Problem >>
Copy the listing verbatim, excluding any images found in it.

Source data >>
════════════════
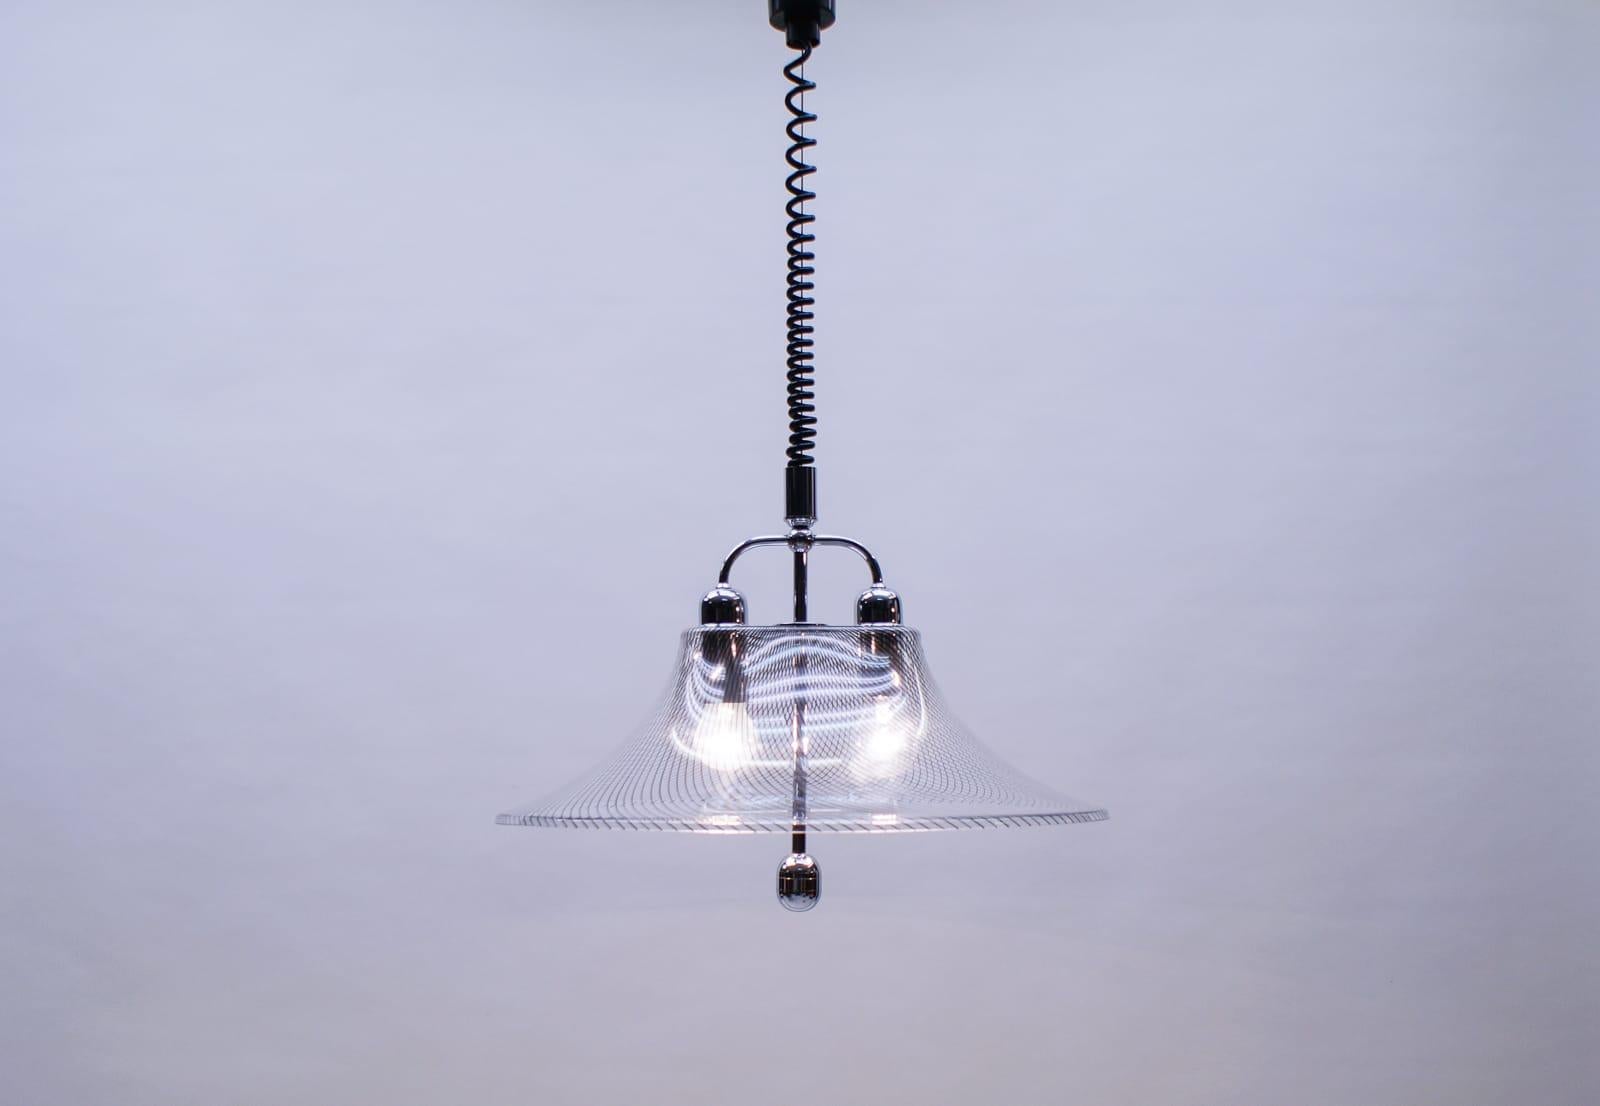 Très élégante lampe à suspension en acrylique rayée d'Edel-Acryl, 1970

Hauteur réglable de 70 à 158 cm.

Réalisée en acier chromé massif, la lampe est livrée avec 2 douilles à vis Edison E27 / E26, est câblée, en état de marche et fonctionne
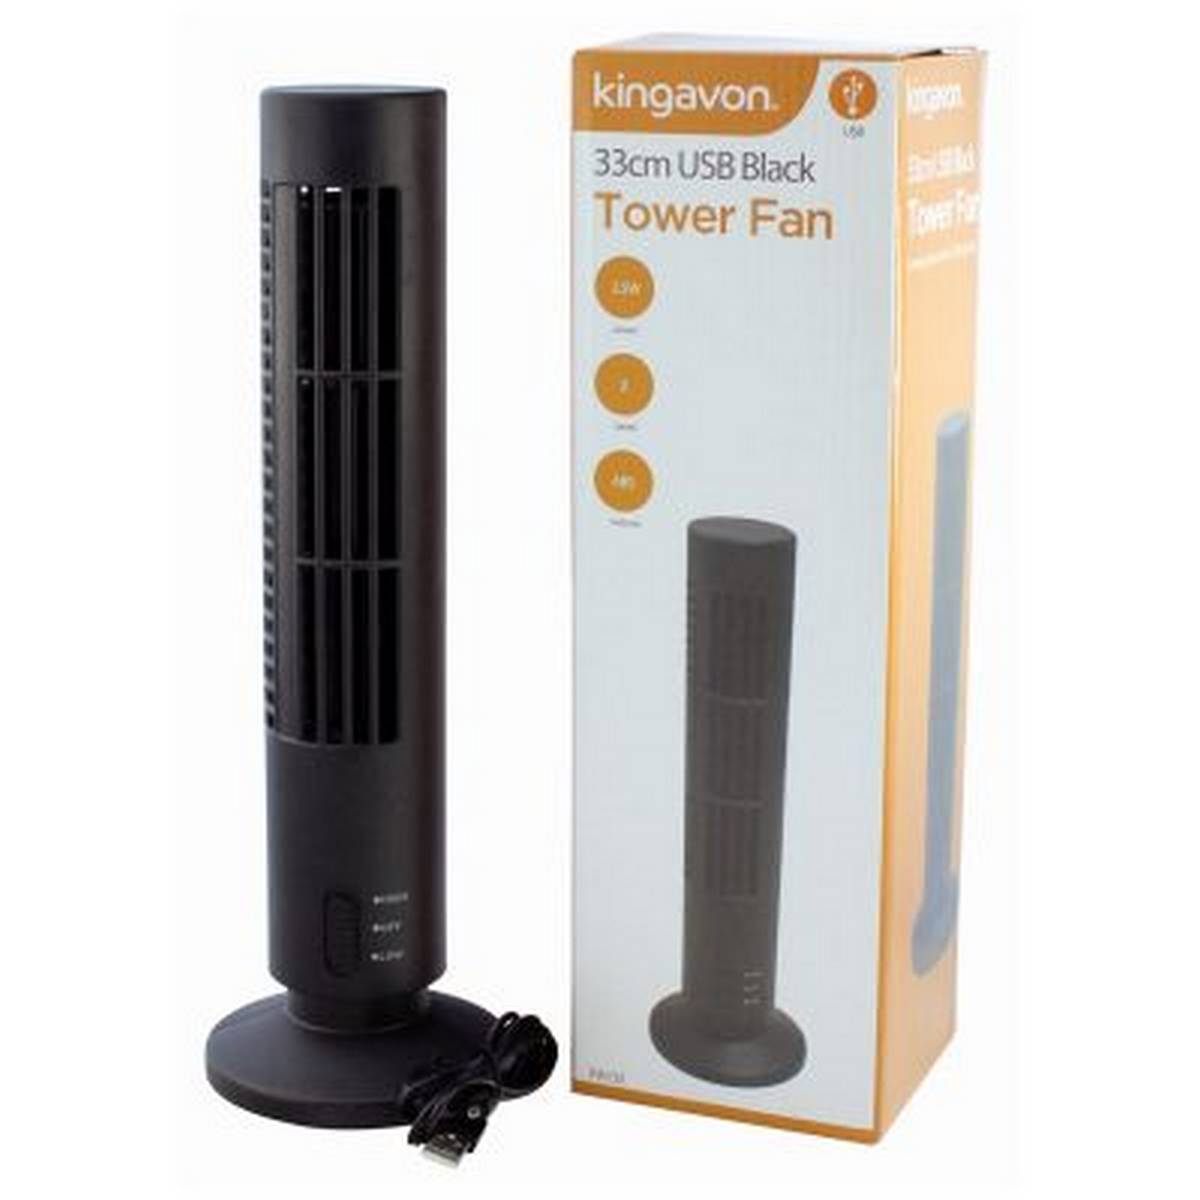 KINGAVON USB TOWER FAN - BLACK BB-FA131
════════════════
Final answer >>
 Très élégante lampe à suspension en acrylique rayée d'Edel-Acryl, 1970

Hauteur réglable de 70 à 158 cm.

Réalisée en acier chromé massif, la lampe est livrée avec 2 douilles à vis Edison E27 / E26, est câblée, en état de marche et fonctionne
 KINGAVON USB TOWER FAN - BLACK BB-FA131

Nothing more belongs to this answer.